Now on to the specific game/project, the e-Gnosis chip (nanopore sensor). The inventor, Peter Kollensperger of the Imperial College London, has created a portable diagnostic device. There are many such diagnostic devices being developed all over the world, many of them designed for medical use. Kollensperger wants to find another market niche for his e-Gnosis chip device,

The vast majority of biosensors today are based on some form of optical readout to get the  results you want. You usually have a choice between inexpensive (but non-quantitative) methods such as lateral flow tests (e.g. pregnancy tests), which just show you a blue line if positive, or more sensitive tests that can tell you how much of the analyte is present using specialised optical equipment. These quantitative tests generally require several extra wash steps and additional reagents and are carried out by labs or on specialised microfluidic or robotic platforms.

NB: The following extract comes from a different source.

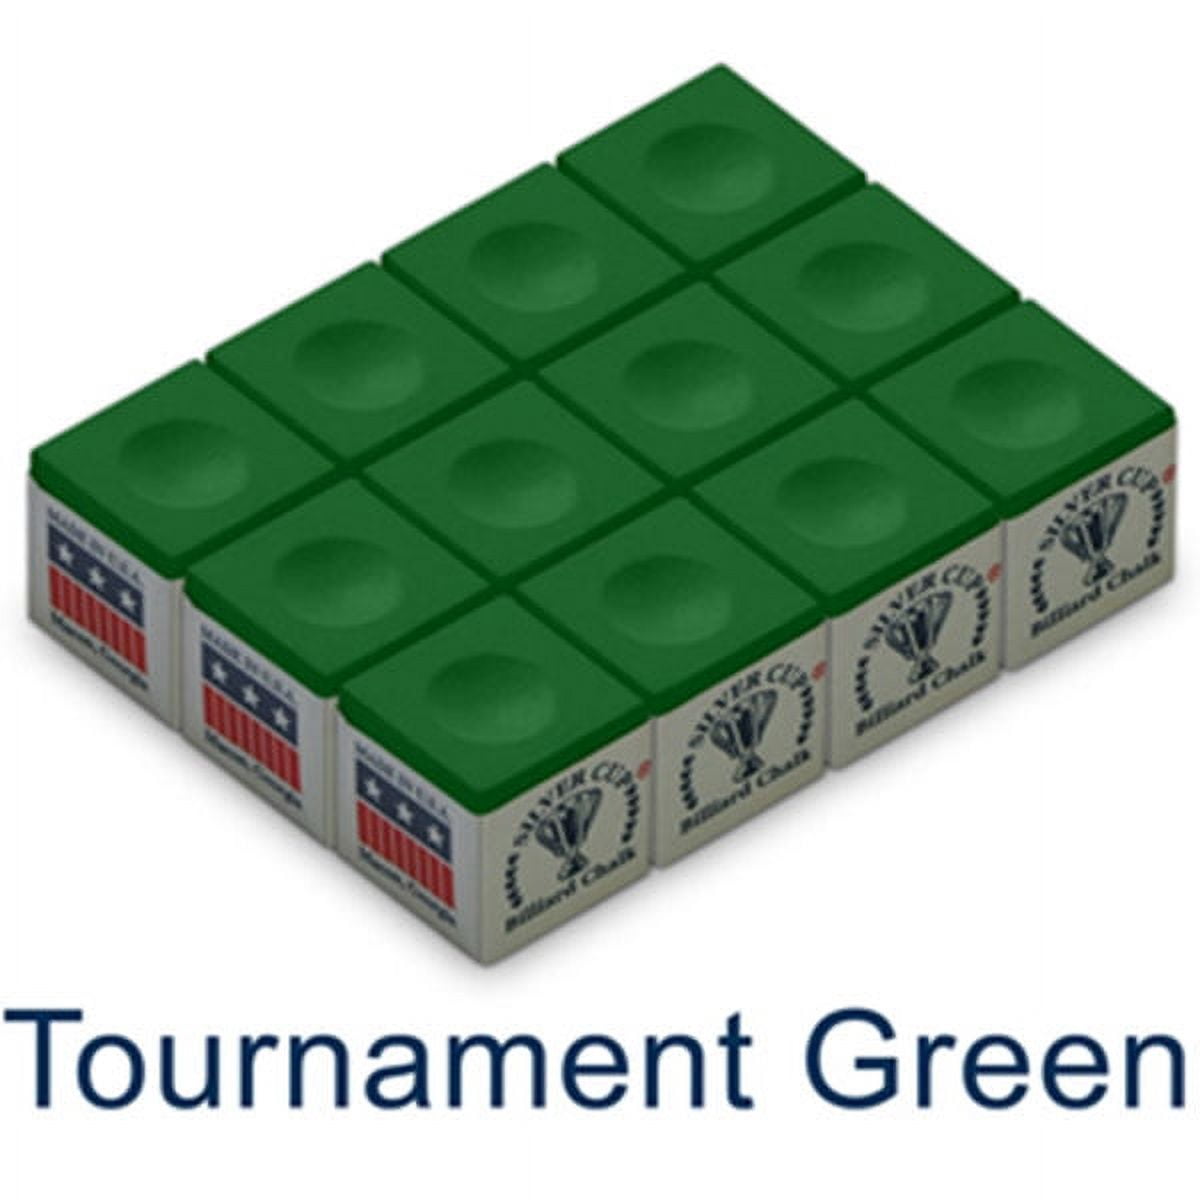 Freetime Fun Green Billiard Pool Cue Stick Chalk - 12 Pack - RB9254

We wanted to develop a sensitive, quantitative technology that doesn’t require expensive platforms but instead:

  • Could be read using a low-cost smartphone or laptop accessory (<$20);
  • Works with a small amount of sample (~10 microlitre, such as a tiny drop of blood, urine or saliva)
  • Requires no (or just one) washing steps.
  • Runs several different tests on the same sample simultaneously.
  • Is as easy to use as a pregnancy test.

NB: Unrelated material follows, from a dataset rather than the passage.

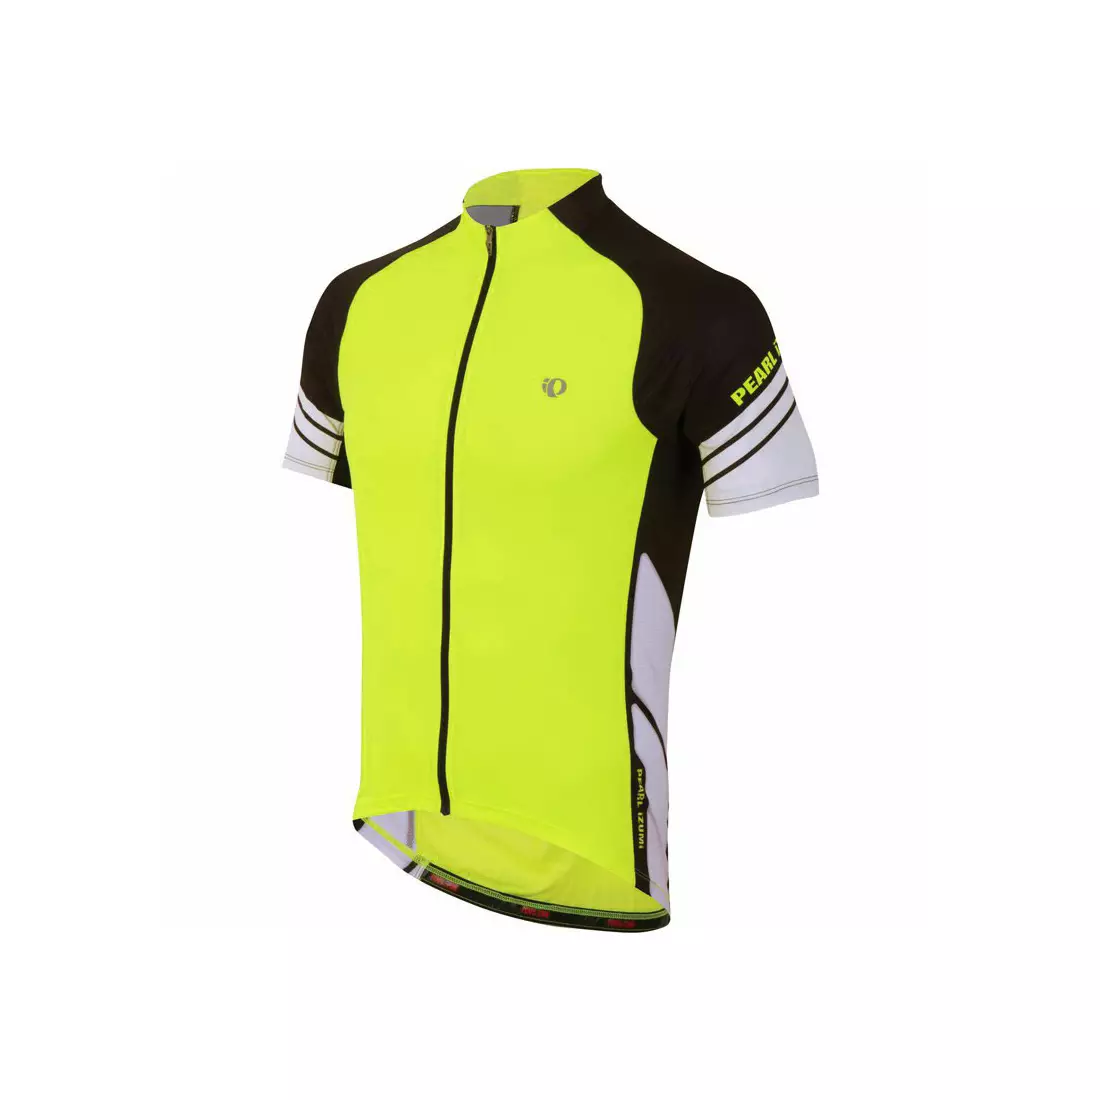 PEARL IZUMI - ELITE 11121301-429 - světlý cyklistický dres, barva: Fluoro-černá

Here’s what the inventor is looking for (from the e-Gnosis chip page),

We’ve been looking at the field of medical diagnostics for a while, but the point-of-care market is highly competitive, fragmented into relatively small markets, with high entry barriers in the form of FDA [US Food and Drug Administration]/EMA [European Medicines Agency] approval. So for any medical diagnostic we’d need a large market, where our device’s unique features (multiplexing, rapid & simple point-of-care use without sample prep) offer a very significant competitive advantage, and can justify the high barrier costs for approval.

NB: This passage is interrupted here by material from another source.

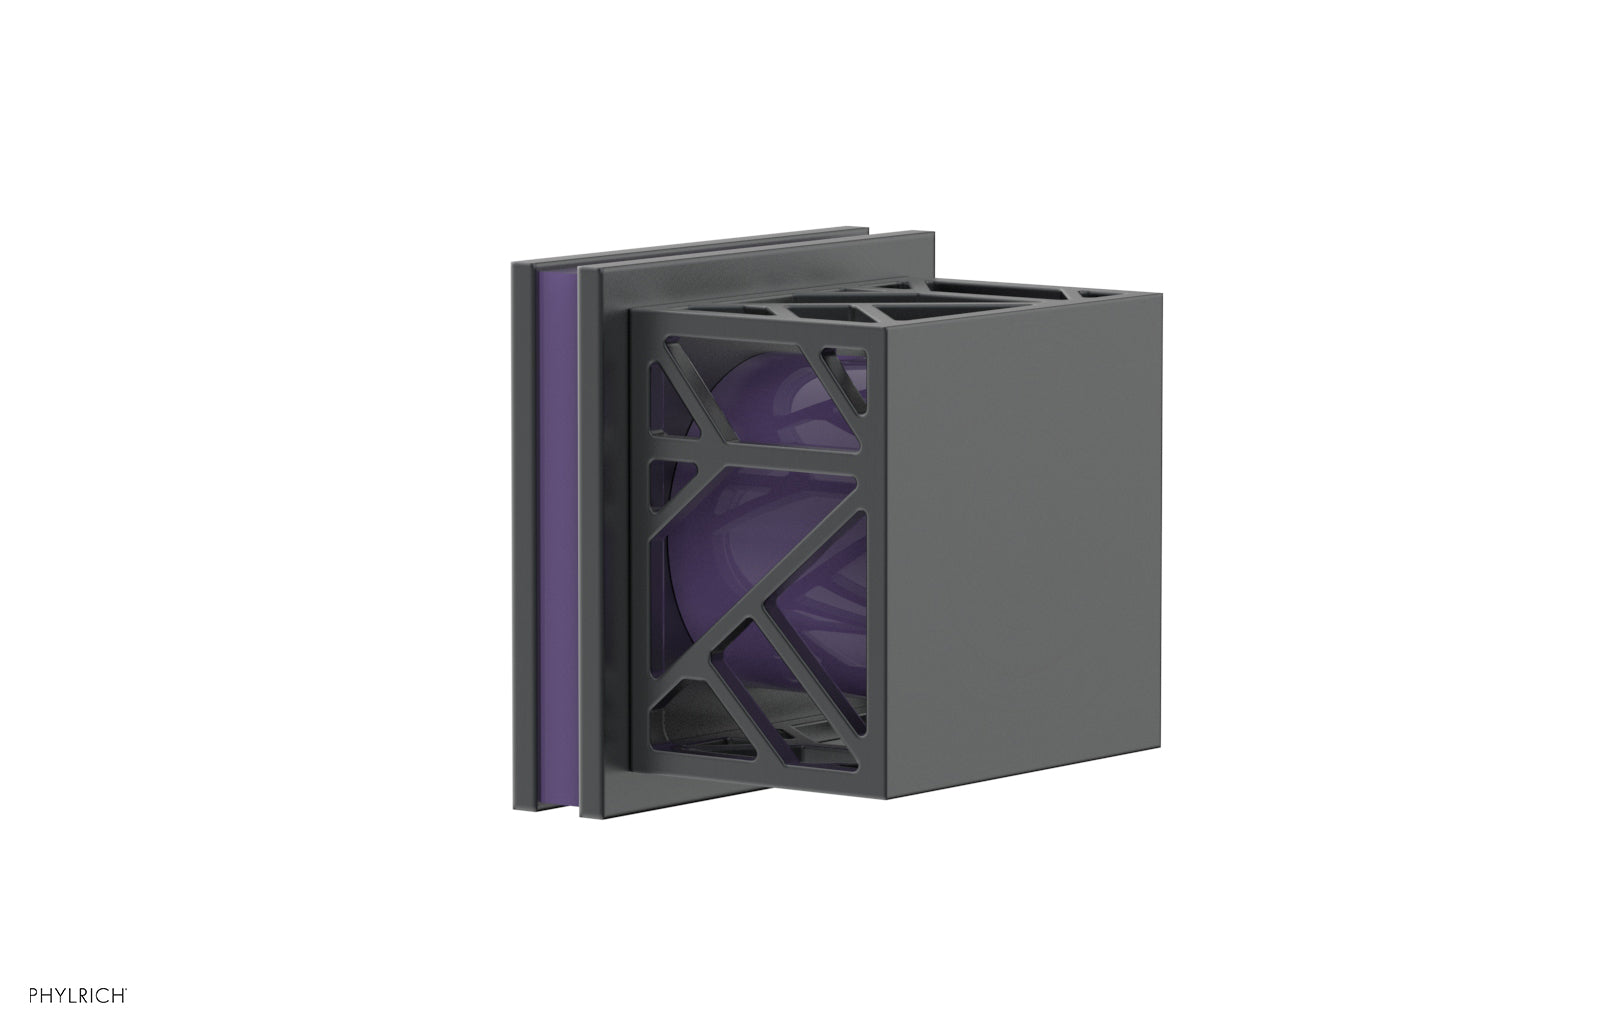 Phylrich JOLIE Volume Control/Diverter Trim - Square Handle with "Purple" Accents

We’d be very interested to hear ideas about a consumer market to prove the device commercially, keeping in mind:

  • While the chip-manufacturing part of the process is cheap, the cost/test is unlikely to ever fall below $6-8 due to functionalization and assembly. We need an application where customers would pay enough to allow a reasonable profit margin.
  • Need a high-volume application to justify setup costs of chip-manufacture (>$300k). What’s your market size?
  • What would be the market entry route? Who’d be our commercial partners? What are the competing devices and their price? How would distinguish ourselves against these?

Here’s a little more about Kollensperger (from the e-Gnosis chip page),

I’m Peter Kollensperger and I’m working with Prof. Green in the Optical and Semiconductor Devices Group of the Electrical and Electronic Engineering Department at Imperial College London.

My research to date has focused on the use of nanotechnology for biosensing applications, but my overarching interest is in making diagnostic/sensing technologies more accessible both to doctors and the general public.

The combination of scalable nanotechnology and the hugely parallel processing of semiconductor foundries holds great promise for the area of biosensors and we are looking for applications where the end-user wants to get results on the go without spending a large upfront amount on a reader. This can be in medical diagnostics, but ideally would be in an underserved consumer market where the combination of properties of our chip can make a real difference.

The Marblar community offers video services for the inventors hosting competitions and this is Kollensperger’s

Diagnostics Array from Marblar on Vimeo.

There’s still time (20 days) to enter the competition. Good luck!

By the way, I owe a big thank you to Daniel Bayley for contacting me about the project and about Marblar.